Y a-t-il un message derrière  » Drifting In The Endless Void  » ?

Johan : Je pense que son sens profond est que nous sommes sur Terre mais que nous ne prenons pas soin de notre planète. Maintenant, je suis plus âgé, j’ai des enfants, nous avons des enfants, et…

Tommi : À la fin de l’album, Fredrik s’excuse auprès de ses enfants.

Johan : « C’est l’endroit où l’on vit, ce n’est pas de ma faute. » Les humains sont des connards qui ne savent pas prendre soin de ce qu’ils reçoivent.

Tommi : Il dit quand même une chose : « Everything’s gonna be okay. » C’est la dernière parole du morceau de clotûre « Missing 13 ».

Johan : On y fait ce petit changement d’accord qui devient mineur à la fin de la chanson (ils chantent les dernières notes ensemble), pour qu’on ait le sentiment que tout n’est pas sombre.

Tommi : Fredrik voulait faire un album concept, mais il disait que ce serait trop de travail.

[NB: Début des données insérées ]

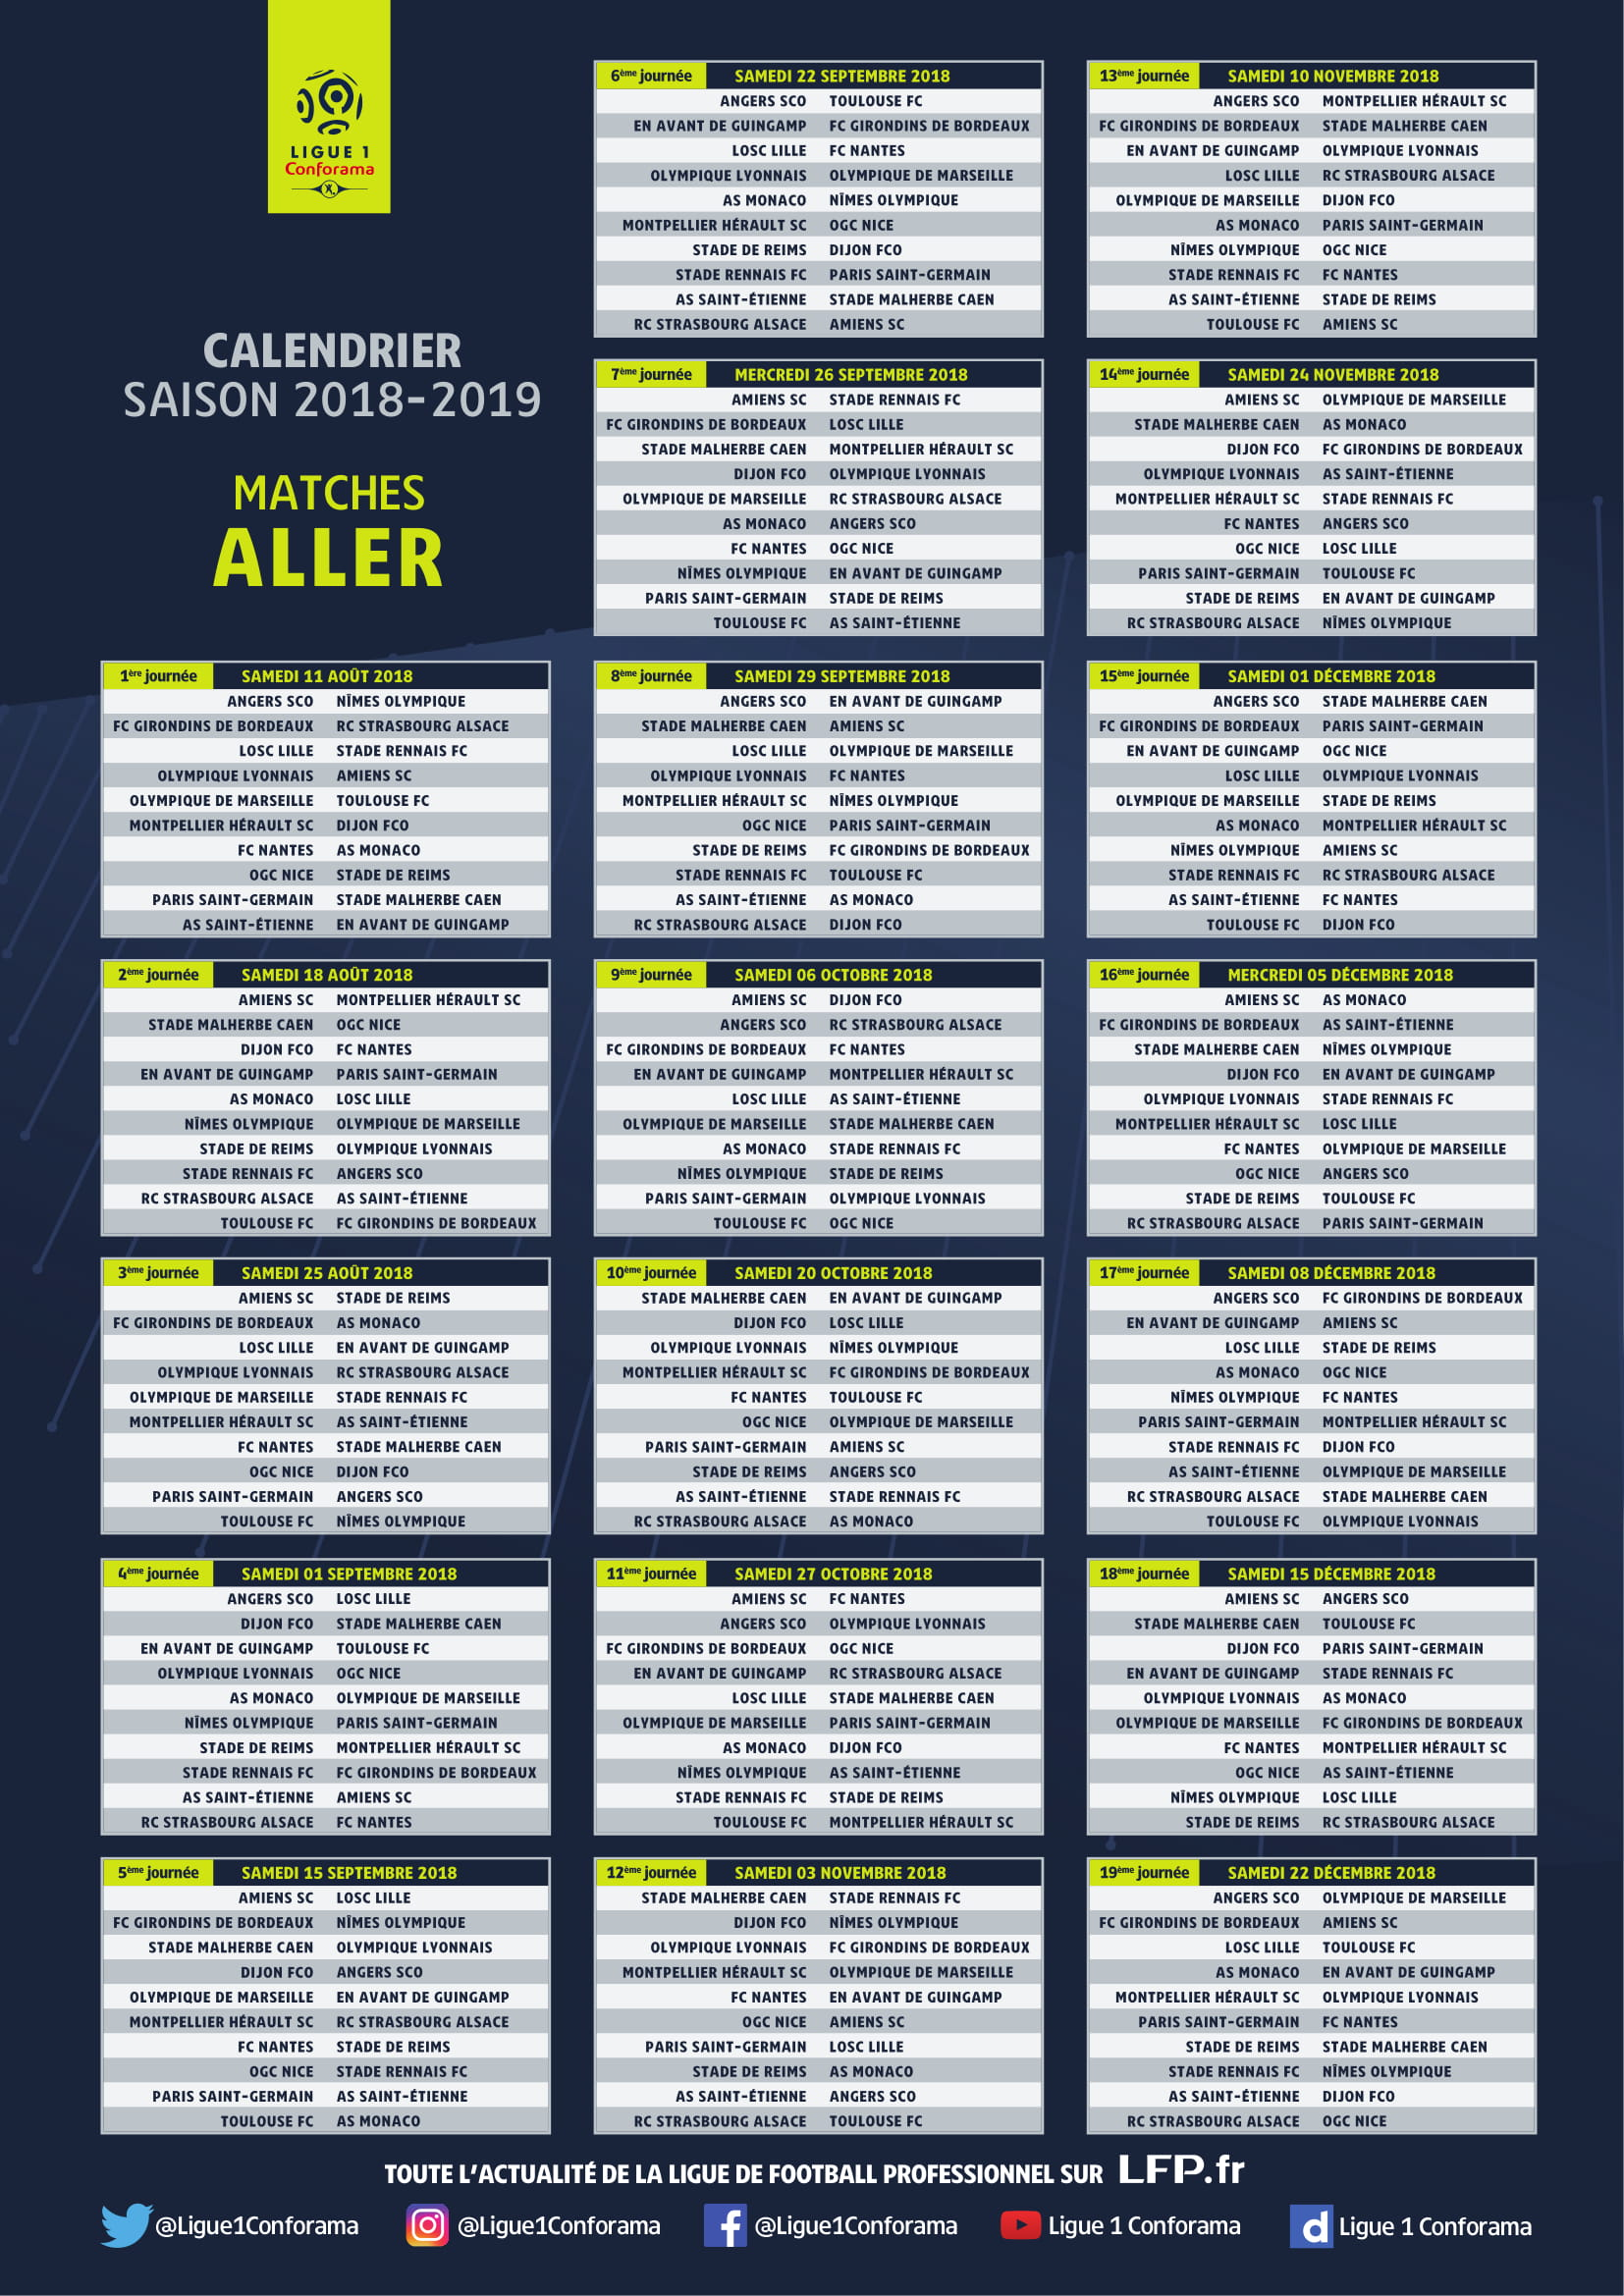 programme tv Ligue 1 calendrier match direct retransmission

La dernière mélodie sur « Missing 13 » est une idée que ma fille et moi avons eue. À la maison, elle a chanté quelque chose et c’était vraiment bien. Je l’ai fait écouter à Fredrik et il a réaliser que c’était la même tonalité que sa chanson… C’était l’outro parfaite. Fredrik était très heureux que ma fille ait été impliquée d’une manière ou d’une autre, car cela donnait beaucoup plus de sens au morceau.

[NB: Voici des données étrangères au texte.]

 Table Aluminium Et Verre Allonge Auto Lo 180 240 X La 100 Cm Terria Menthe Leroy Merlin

Tommi, quelles sont les choses que tu te permets avec Dozer et que tu ne te permets pas avec Greenleaf ?

Tommi : Je pense que Greenleaf est un peu plus jammy et qu’on peut s’amuser un peu plus avec le public. Avec Dozer, on joue juste très fort et on tue tout le monde !

Quand tu as une idée pour une chanson ou un riff, comment sais-tu si ce sera pour Dozer ou Greenleaf ?

Tommi : C’est très simple. Quand je dois écrire pour un nouvel album de Greenleaf, je me concentre sur ce groupe. Même chose pour Dozer. Arvid (le chanteur de Greenleaf) a besoin de plus d’accords pour ses couplets. Fredrik n’a besoin que d’un accord et sort la meilleure mélodie qui soit, comme dans « Dust for Blood ». Arvid a besoin de quelques notes supplémentaires… Arvid est un chanteur d’opéra, plutôt de l’école rock 70’s comme Jim Morrison.

Êtes-vous conscients de la qualité de ce nouvel album ? Nous avons parlé de Lowrider et du niveau qu’ils ont atteint, et « Drifting in the Endless Void » s’en rapproche, ce qui est assez rare pour être souligné. Pour moi, le son stoner rock a quelque peu perdu ses origines, et des vétérans comme vous nous rappellent comment cette musique devrait sonner pour les vingt prochaines d’années.

Tommi : Je suis très heureux que tu dises ça, parce que c’est ce que nous voulions. Nous ne voulions pas faire la même chose encore et encore. Comme tu l’as dit, c’est censé être frais et je voulais que ça me plaise avant toute chose. Cela fait trente ans que j’écoute du stoner rock, et je voulais faire un truc fun et frais.

Johan : Mais nous n’avions pas besoin d’en parler ou de le planifier, c’est arrivé comme ça.